The same mechanism that makes plants fluoresce causes a range of everyday
objects to glow intensely under black light.
However,
plants fluoresce in specific parts of the blue, green, red, and far-red
spectrum. Chlorophyll fluorescence from green foliage, for example, is produced
at the red and far-red wavelengths.
“In
plants, fluorescence is not something that you can see with your naked eye
because background light overwhelms it,” explained Joiner, the lead author
of the paper. When sunlight strikes a leaf, disc-like green structures called
chloroplasts absorb most of the light and convert it into carbohydrates through
photosynthesis.
Chloroplasts
re-emit about two percent of incoming light at longer, redder wavelengths. This
re-emitted light—fluorescent light—is what the Goddard scientists measured to
create their map. Fluorescence is different than bioluminescence, the
chemically-driven mechanism lightning bugs and many marine species use to glow
without exposure to light.
For decades,
scientists have measured fluorescence in plants by exposing leaves to laser
beams that, like black light, make fluorescence more apparent. Such experiments
have revealed much about how certain types of plants fluoresce, but researchers
have not been able to use lasers to measure the phenomenon across broad swaths
of the Earth’s surface.
To create
their global fluorescence map, Joiner and her colleagues used a different
technique. They analyzed an unusually dark section of the infrared portion of
the solar spectrum embedded within a feature called a “Fraunhofer line.” There
is little background light at the line they focused on—at about 770 nanometers—which
made it possible to distinguish the faint fluorescence signal.
The future
of fluorescence
The new findings have implications for both current and upcoming satellite
missions. In the near term, awareness of the fluorescence signal should help
atmospheric scientists refine measurements of carbon dioxide and methane from
the GOSAT mission.
From space, farmland in northwest Minnesota looks like a patchwork quilt. Fields change hue with the season and with the alternating plots of organic wheat, soybeans, corn, alfalfa, flax or hay. Image: NASA’s Earth Observatory |
The creation
of the maps also bolsters the argument that an experimental mission being
developed by the European Space Agency (ESA)—the Fluorescence Explorer (FLEX)

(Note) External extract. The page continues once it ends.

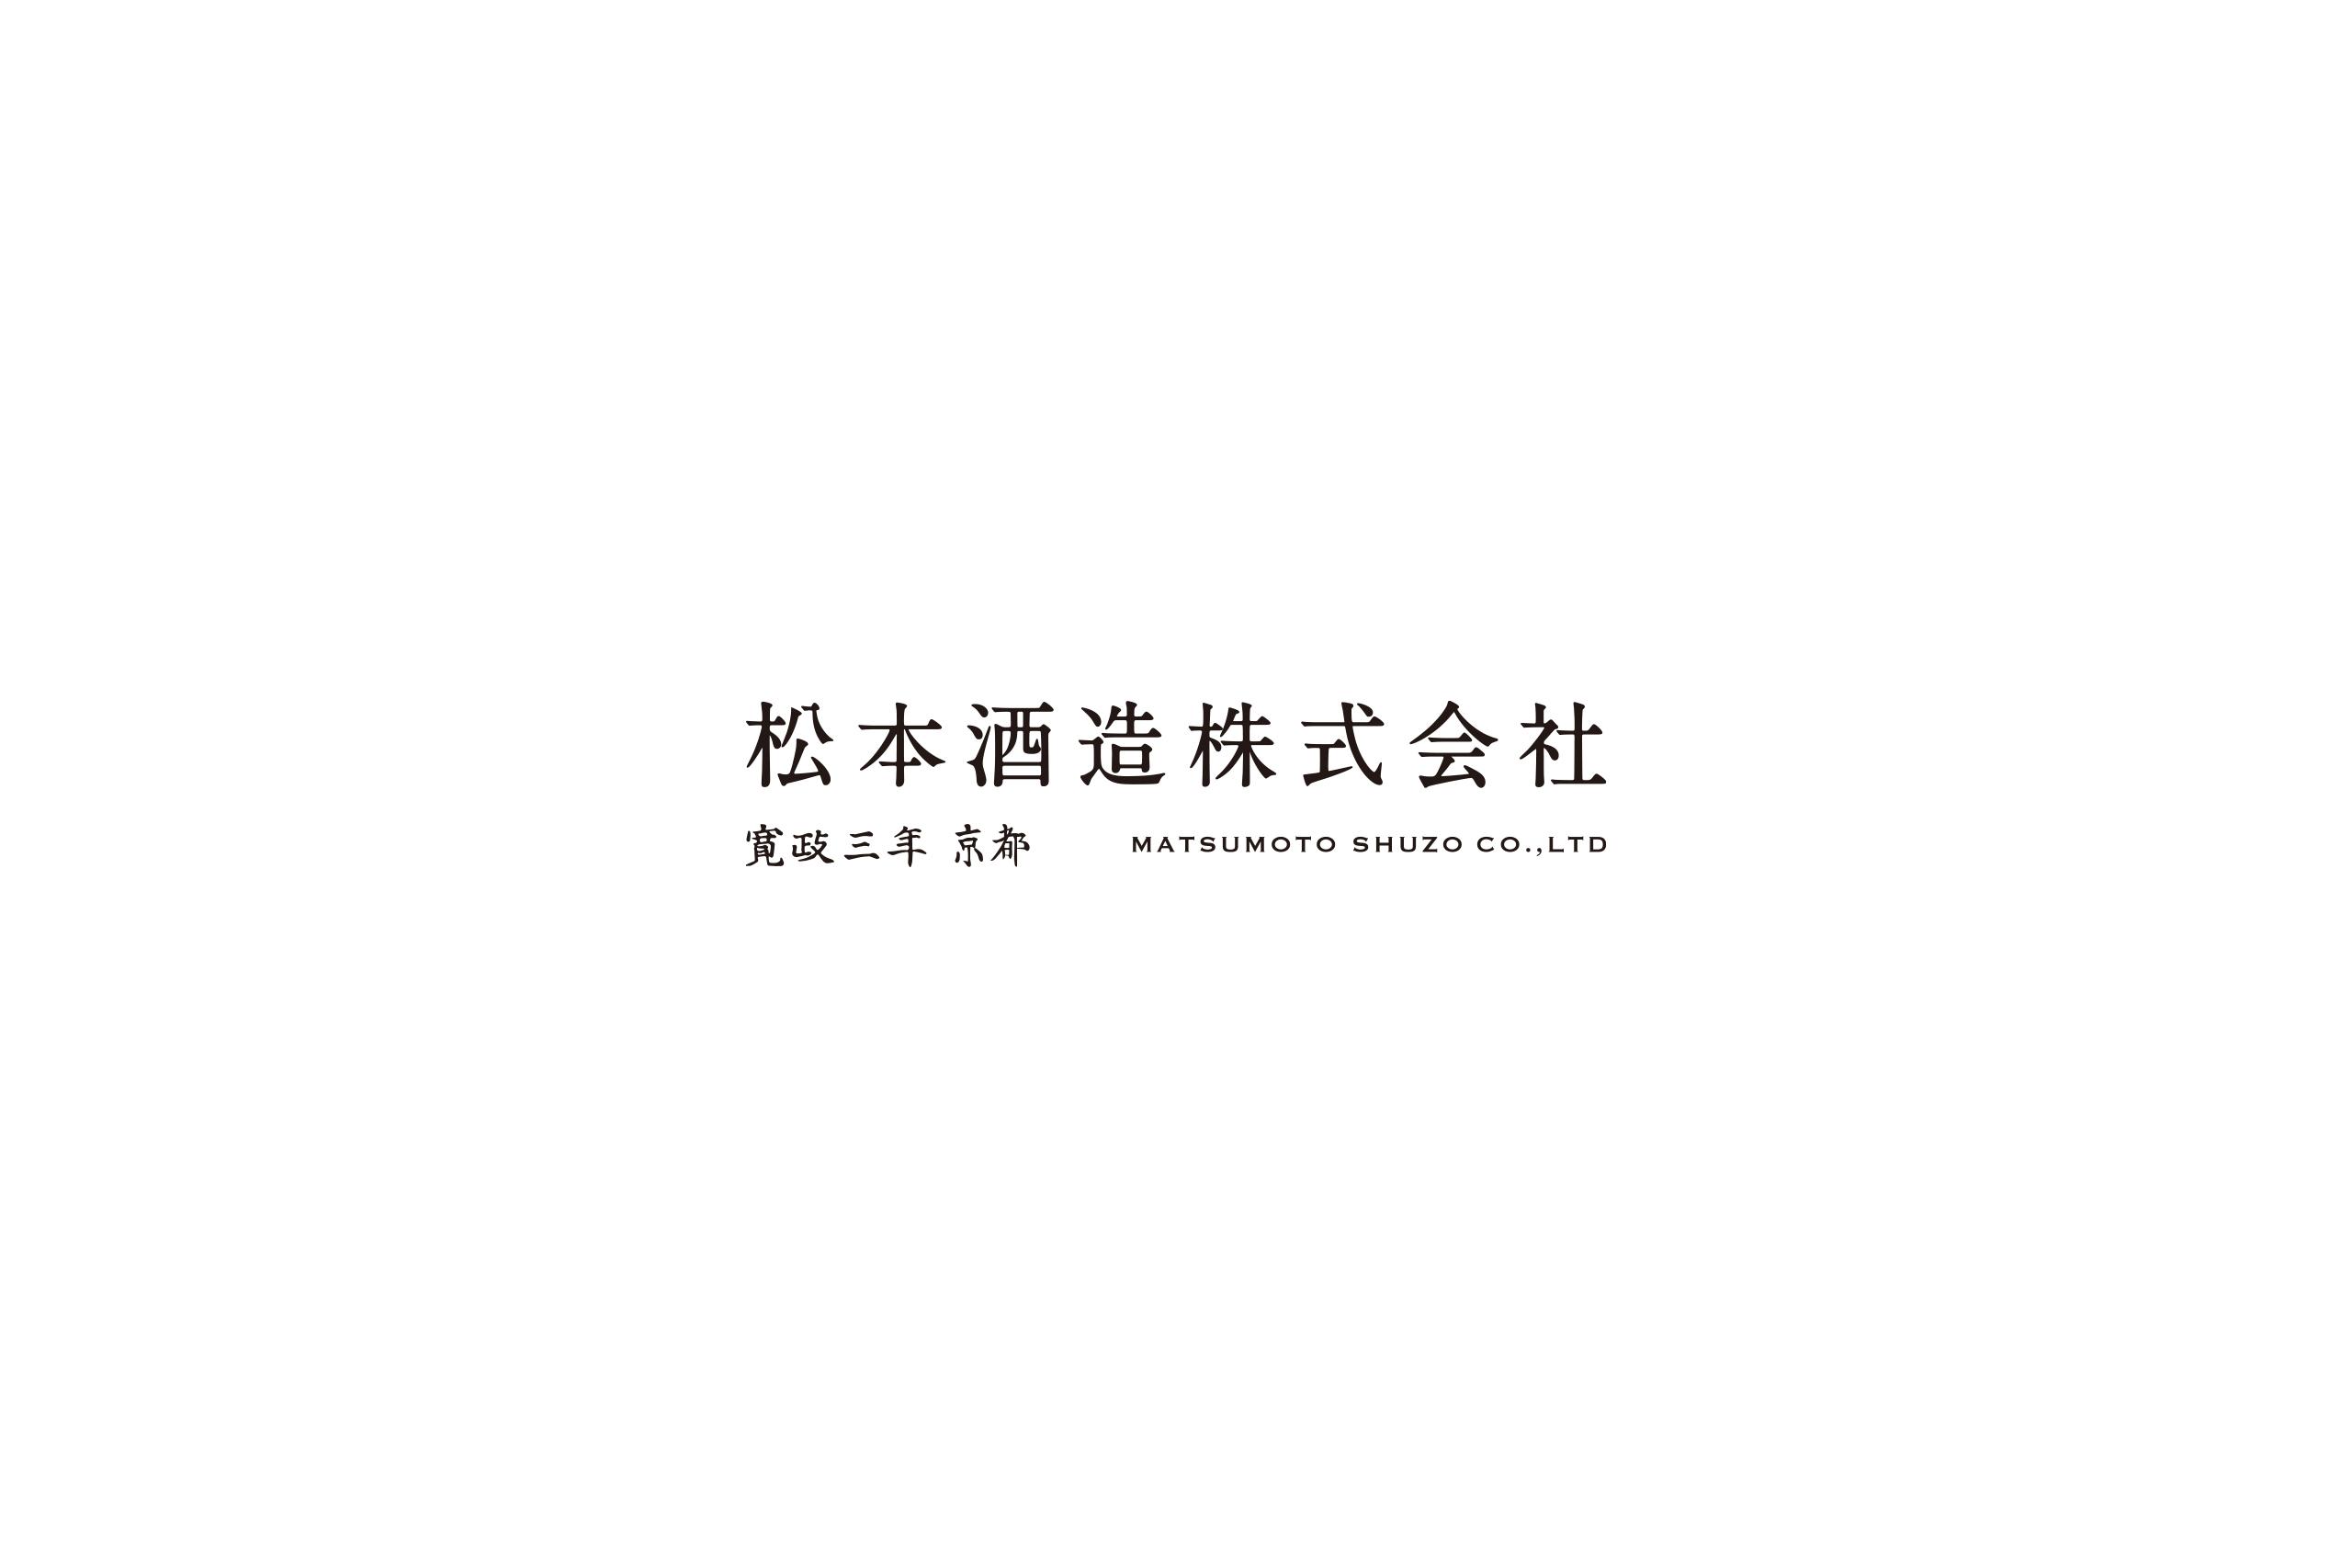 matusmotoshuzo_logo02

mission—would make significant breakthroughs. The ESA is currently in the midst
of feasibility studies and has not yet set a launch date for FLEX.
The findings
also suggest that NASA’s Orbiting Carbon Observatory-2 (OCO-2), a mission that
is designed to measure carbon dioxide levels much like GOSAT, should be able to
make useful fluorescence measurements on a global scale. OCO 2 will launch no
earlier than February of 2013 from Vandenberg Air Force Base in California.
The maps, published
online in Biogeosciences, represent
just a first attempt to detect terrestrial fluorescence on a broad scale and
will be enhanced and expanded over time, the scientists involved in the project
emphasized.
More work
needs to be done, for example, to understand how plant fluorescence varies
depending on light conditions. In strong afternoon light, the conditions that
GOSAT made its observations, unstressed plants produce a stronger fluorescence
signal than stressed plants. However, complicating matters, the reverse is true
in the morning or evening when light is less intense.
To
disentangle the two opposing effects, the Goddard-based group plans to continue
refining the mathematical methods they used to calculate fluorescence.
Meanwhile, groups of scientists at NASA’s Jet Propulsion Laboratory in Pasadena, Calif.—as
well as Japanese and European research groups—are in the process of honing
similar fluorescence-monitoring methods.